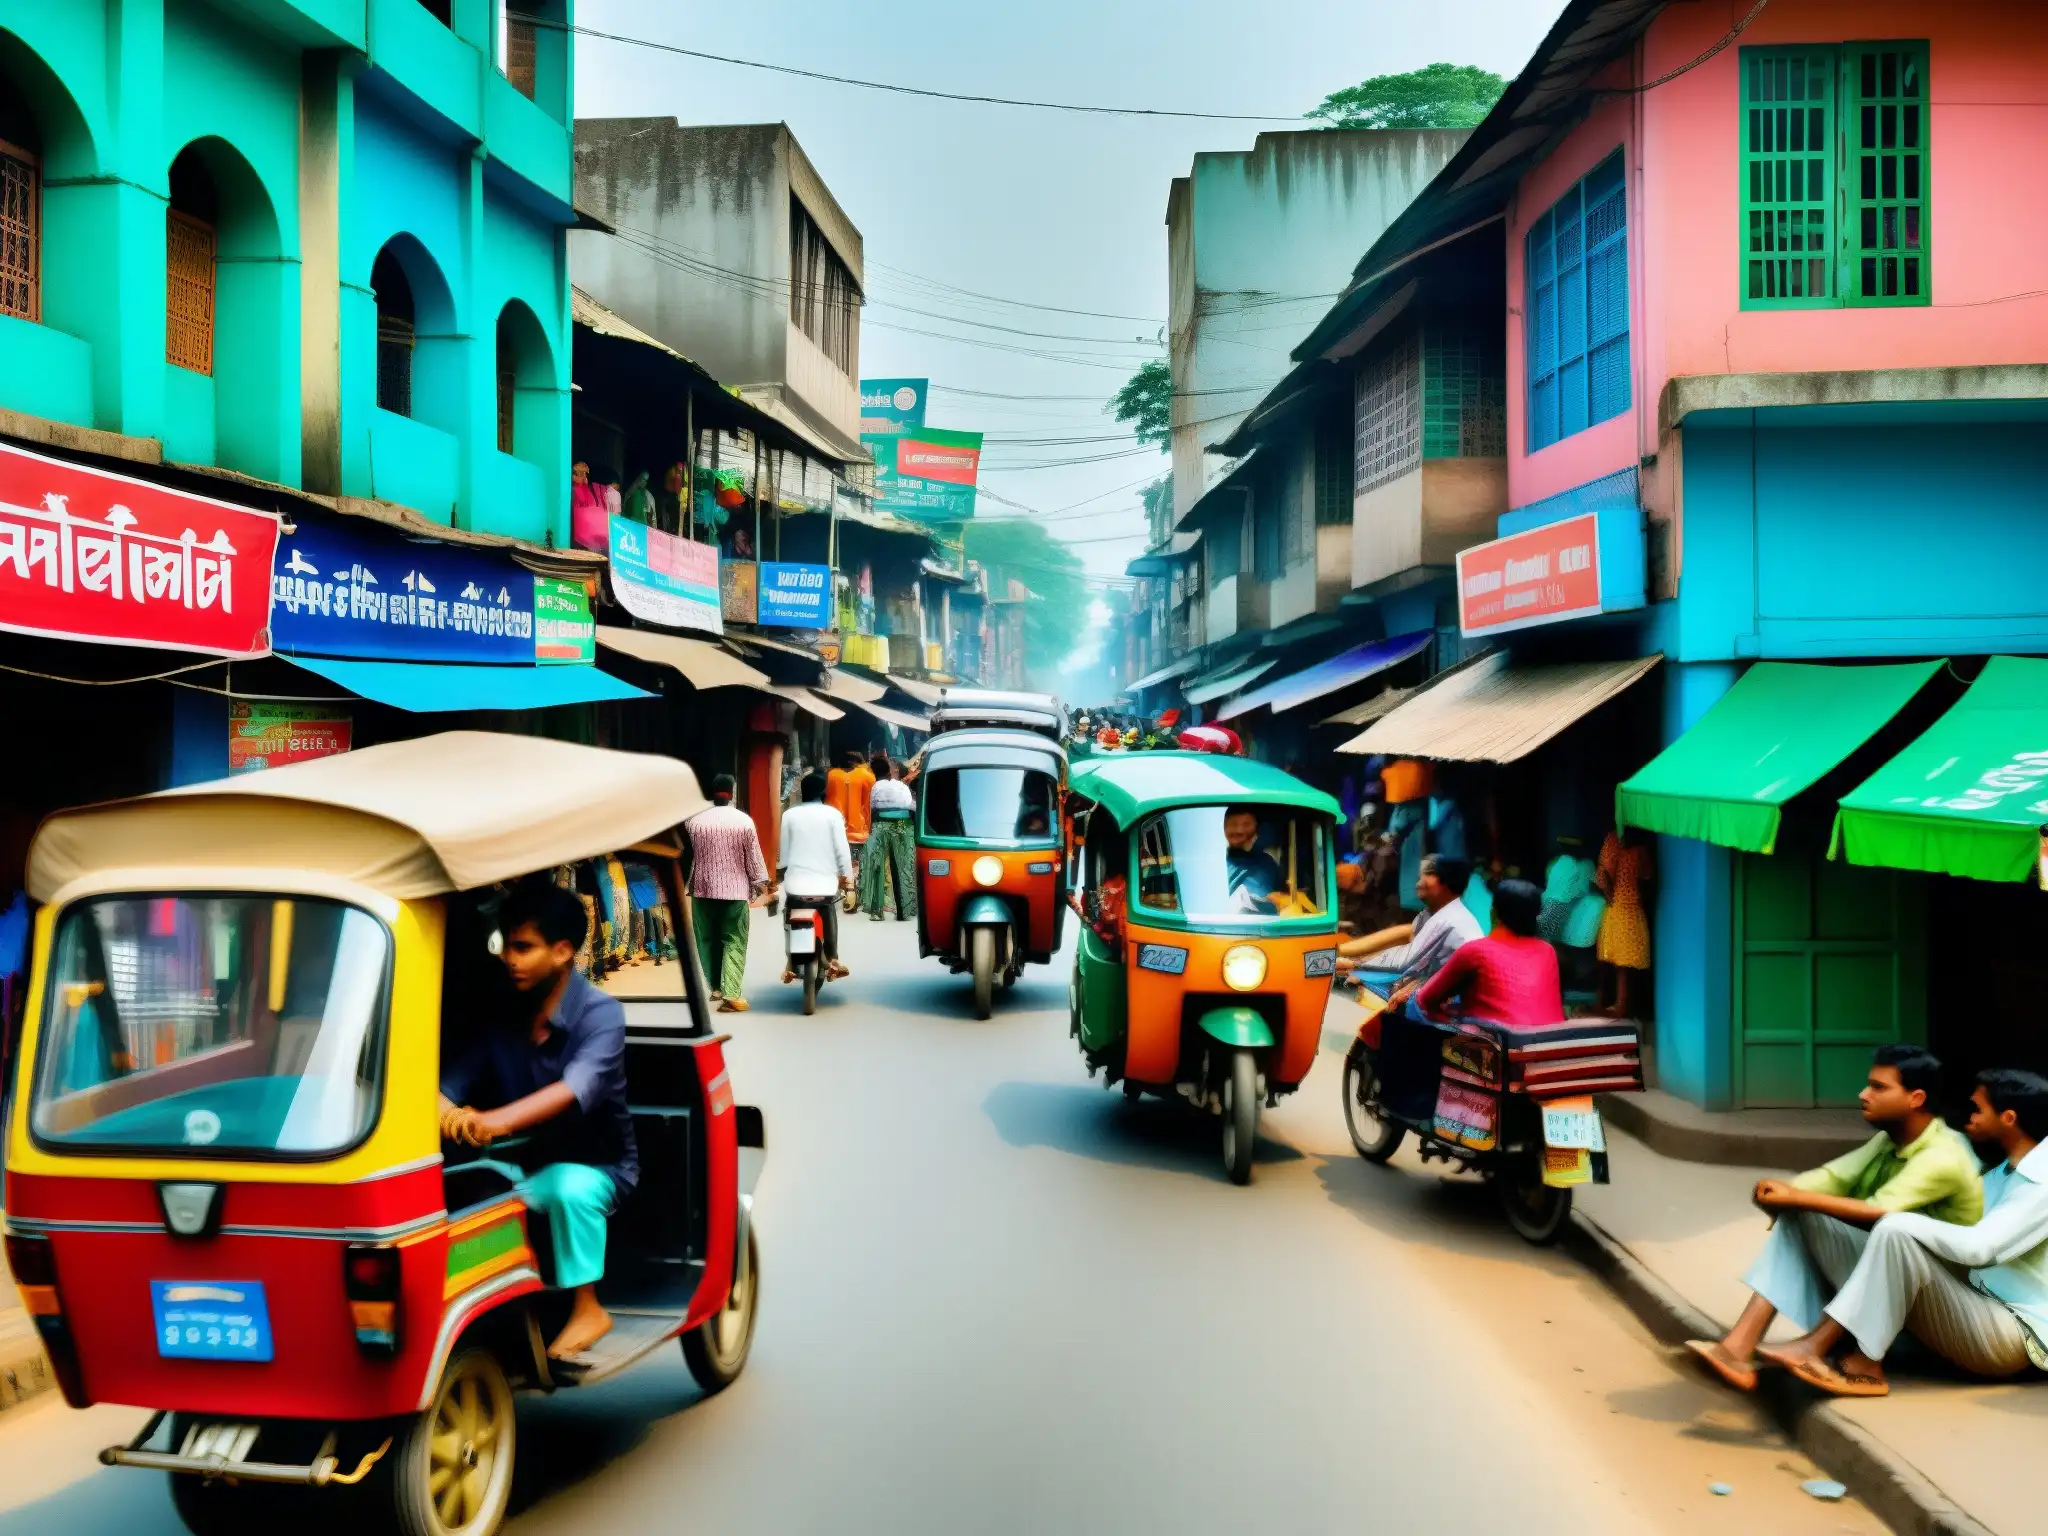 Vibrante calle de Bangladesh, llena de actividad y color
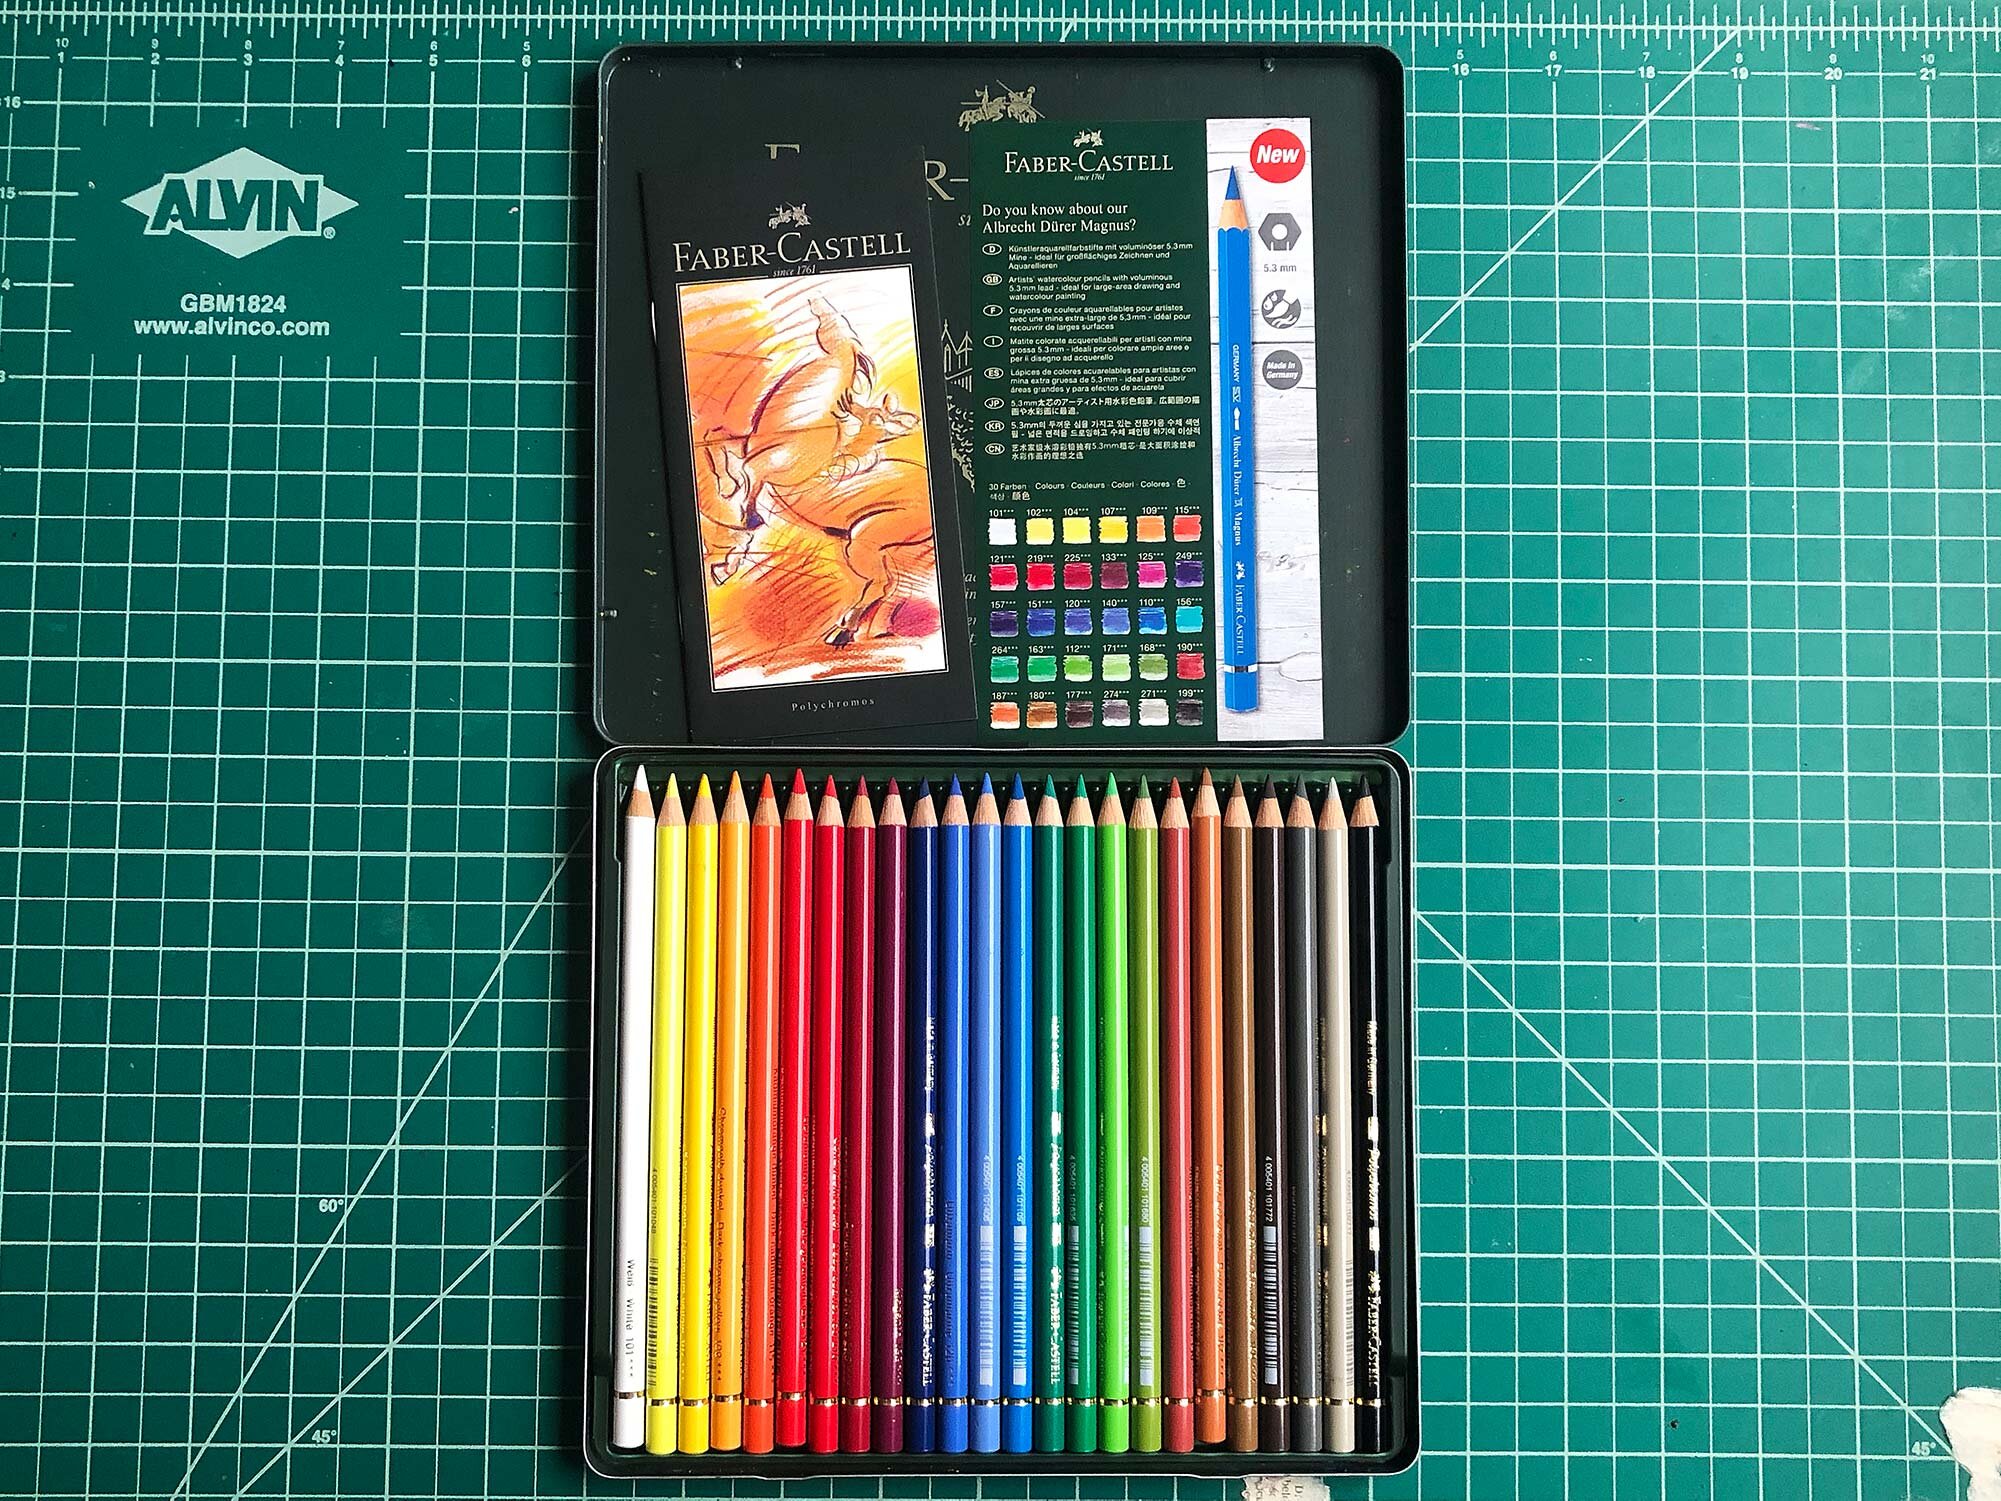 PrismaColor Colored Pencils for Adult Coloring, 151 Piece Art Kit, Artist  Premier Wooden Soft Core Leads, Includes Sharpener [151 pc. Set] 
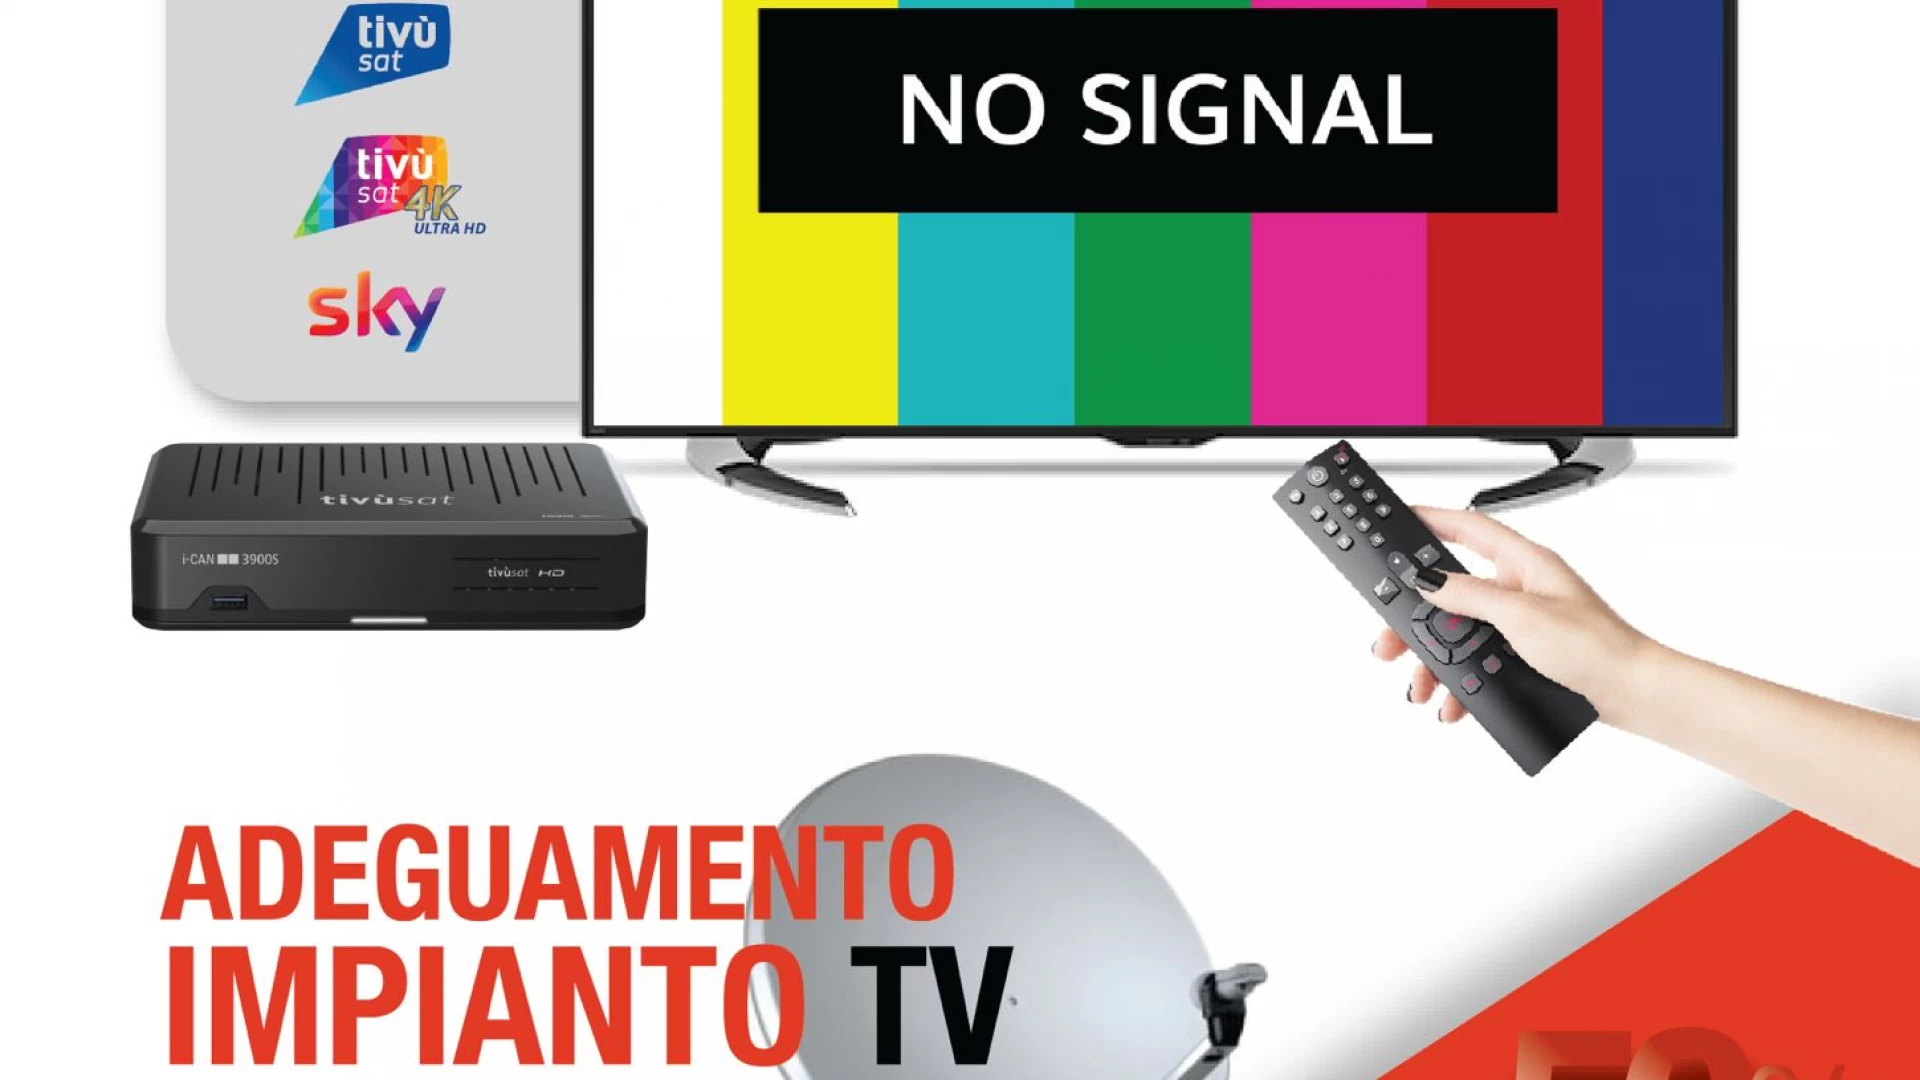 Adegua il tuo impianto Tv alle nuove normative europee. All’intervento ci pensa Net Com Impianti.

┄┄┄┄┄┄┄┄┄┄

PROBLEM DESCRIPTION:
Write the material out again exactly as it appears, dropping the pictures.

ANSWER FOR THE TASK:
 Vibrante calle de Bangladesh, llena de actividad y color
 PrismaColor Colored Pencils for Adult Coloring, 151 Piece Art Kit, Artist  Premier Wooden Soft Core Leads, Includes Sharpener [151 pc. Set] 
 Adegua il tuo impianto Tv alle nuove normative europee. All’intervento ci pensa Net Com Impianti.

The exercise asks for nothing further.